Valid emails: Unless special conditions apply (e.g., sharing with an industry partner with DUA, reliance agreements), data will only be shared with email addresses ending in .edu
Data Use Agreements All users of data outside of Albert Einstein College of Medicine will require a data use agreement (DUA). DUAs are initiated by emailing Mindy Katz (mindy.katz@einsteinmed.edu) and copying Dr. Nelson Roque (nur375@psu.edu). Please allow up to 12 weeks for this process (start to finish). Timelines may vary by the nature of the request and type of institution (university vs industry).
Concept Proposals
- All uses of data must be documented by completing the EAS Concept Proposal Form.
- Concept proposals are reviewed by EAS Study Team members within a reasonable time (~ 1 month or less).
- Feedback is provided that captures any concerns of scientific overlap with existing grant aims, data usage, or other issues.
- Concept proposals may be withdrawn by the proposer at any time via email to the EAS Tech and Data Management Core.
- If and when a concept proposal is approved, the EAS Tech and Data Management Core will be engaged to either prepare a bespoke dataset or share access to - an existing closed dataset that encompasses the needs listed in the request.
- Before data is shared, Data Use Agreements (DUAs; as well as MTAs or Reliance Agreements if needed) will be initiated and approved by all relevant - institutions.

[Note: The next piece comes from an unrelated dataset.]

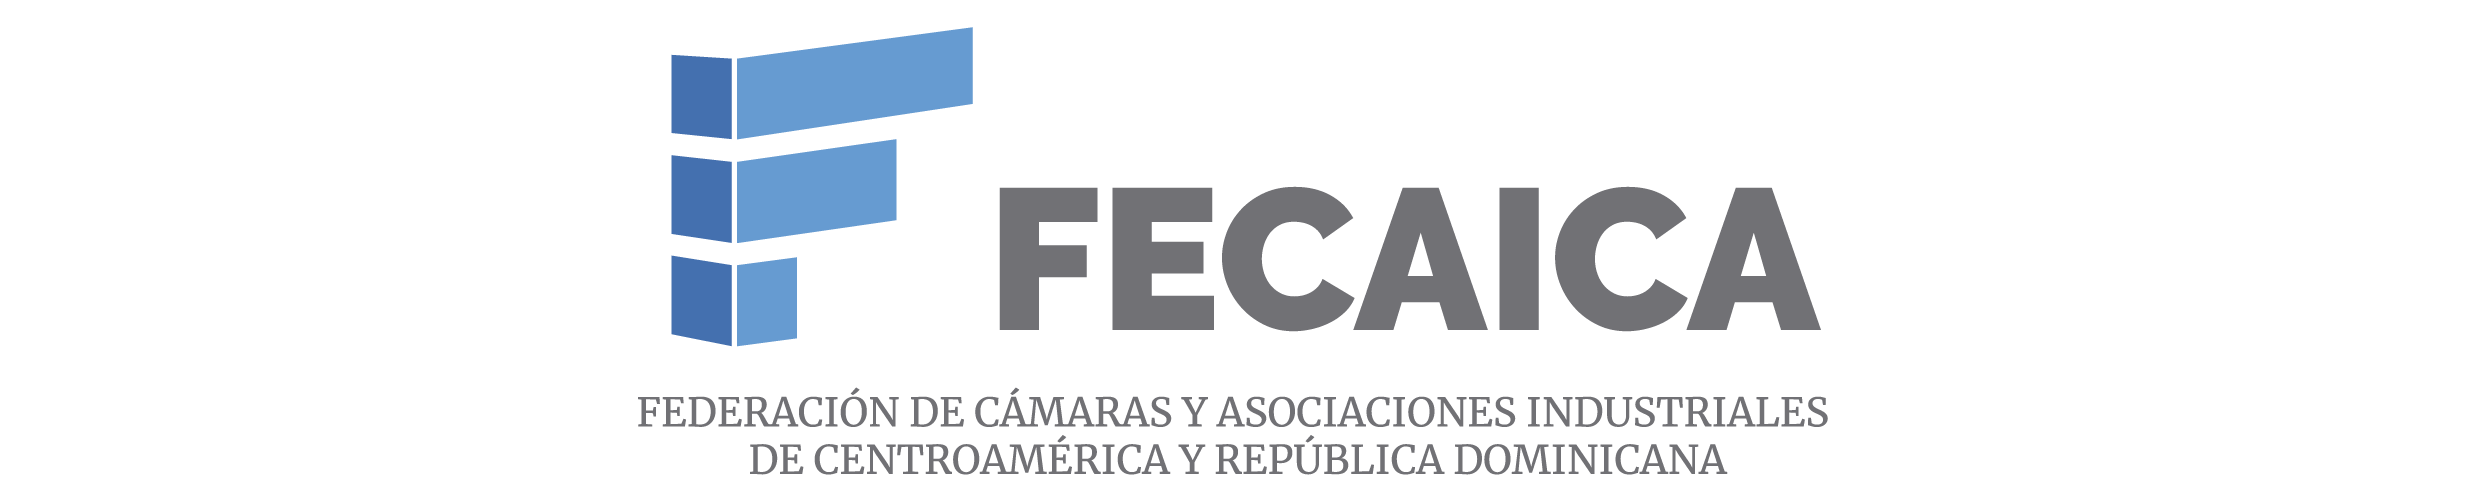 Logotipo-Fecaica-web (1)
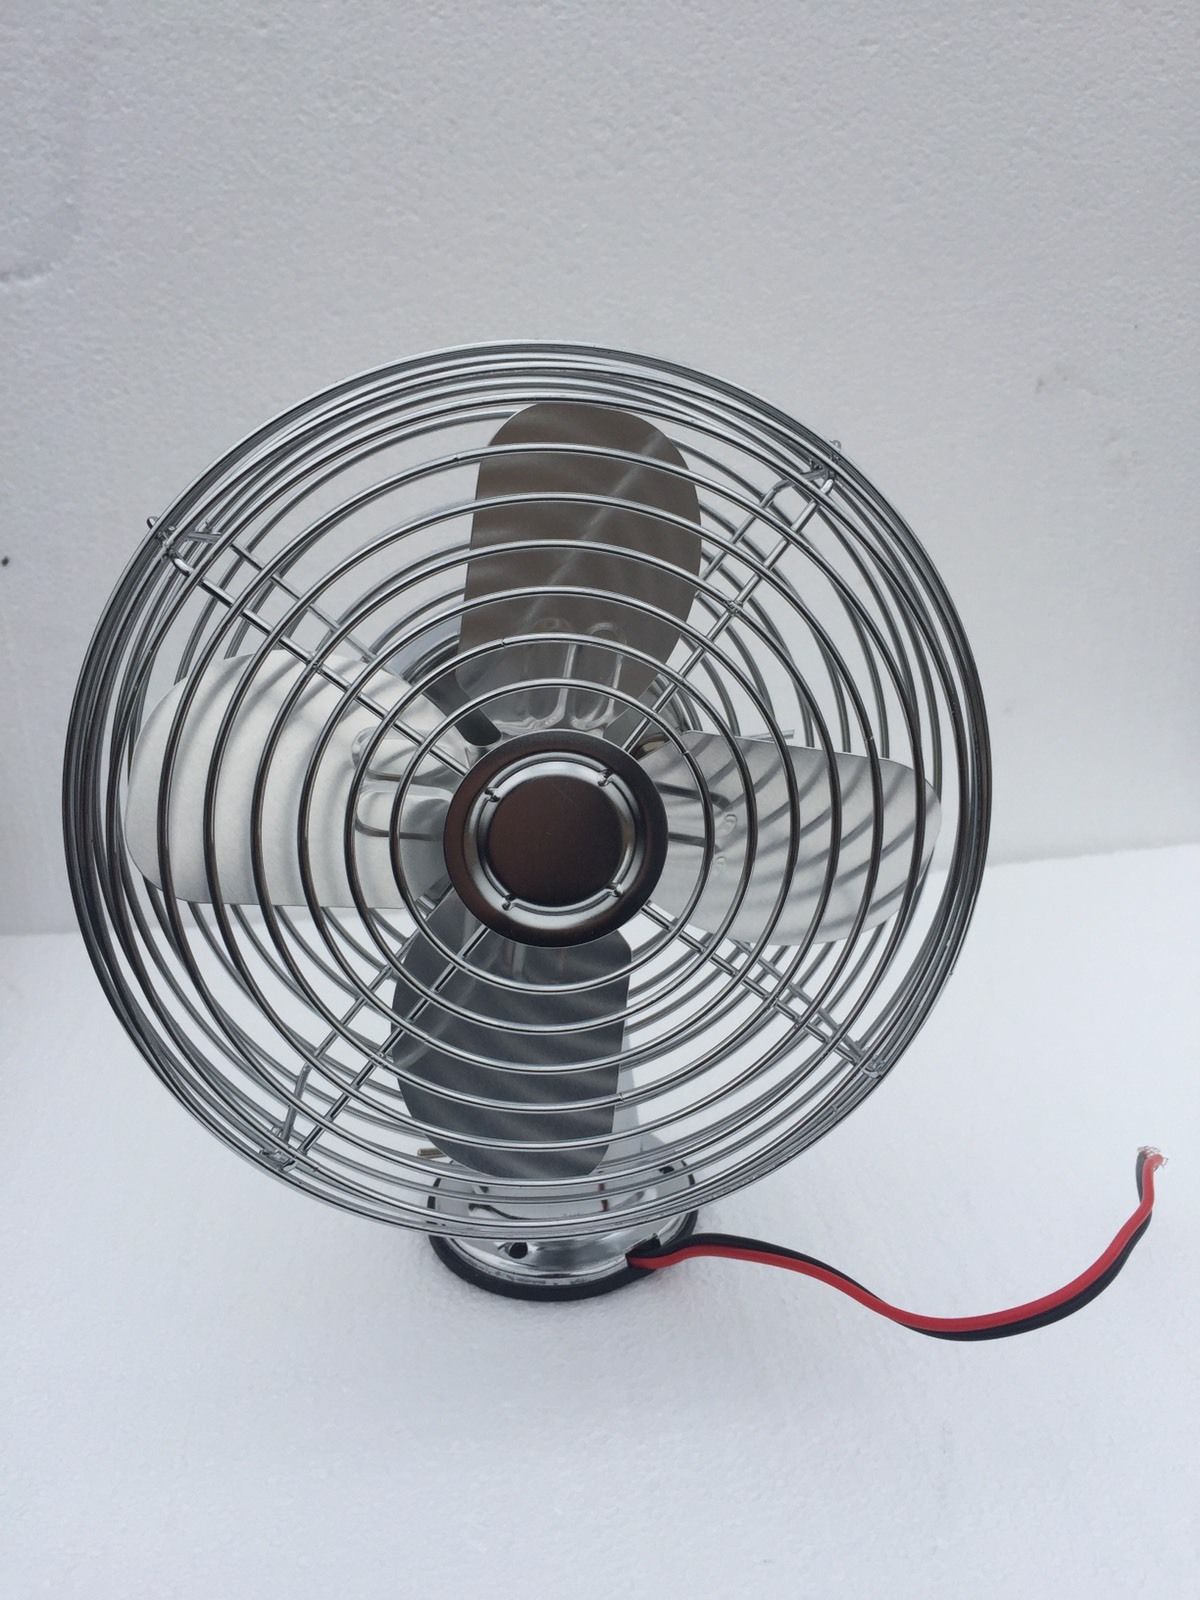 Atv Utv Cab Cooling Fan / Windshield Defrost Chrome 600 Cfm 12v - 24v

- Failure to submit concept proposals ahead of usage of data may prohibit future usage.
Principal Investigators (and their labs)
As a principal investigator (PI), you are responsible for managing and sharing data generated by your research and data shared with you from the EAS Tech and Data Management Core.
As lab personnel move on to next steps, it is the PIs responsibility to initiate with the EAS Tech and Data Management Core that a new institution will require IRB approval and related Data Usage Agreements (or Material Transfer Agreements, MTAs).
Data cannot be shared with a new university that is not covered under existing Data Use Agreements.
Users of De-identified Secondary Data
Like all other users of data, secondary data users beyond the investigative team must fill out a concept proposal to initiate their data request. All other procedures apply to this user class.
Users of Highly Identified Data
Highly identified data refers to datasets containing personally identifiable information (PII) or sensitive data (e.g. residential addresses).
Any users of highly identified data will need a reliance Agreement between the Albert Einstein College of Medicine and their respective institution.
Users of such data must adhere to strict privacy and confidentiality guidelines.
When using highly identified data, you must ensure it is only for approved research purposes and ensure it is not used for unauthorized or secondary purposes (i.e., not used for anything beyond what is listed in the concept proposal submitted to initiate data access).
Implement appropriate de-identification techniques to reduce the risk of re-identification when sharing or publishing research outputs.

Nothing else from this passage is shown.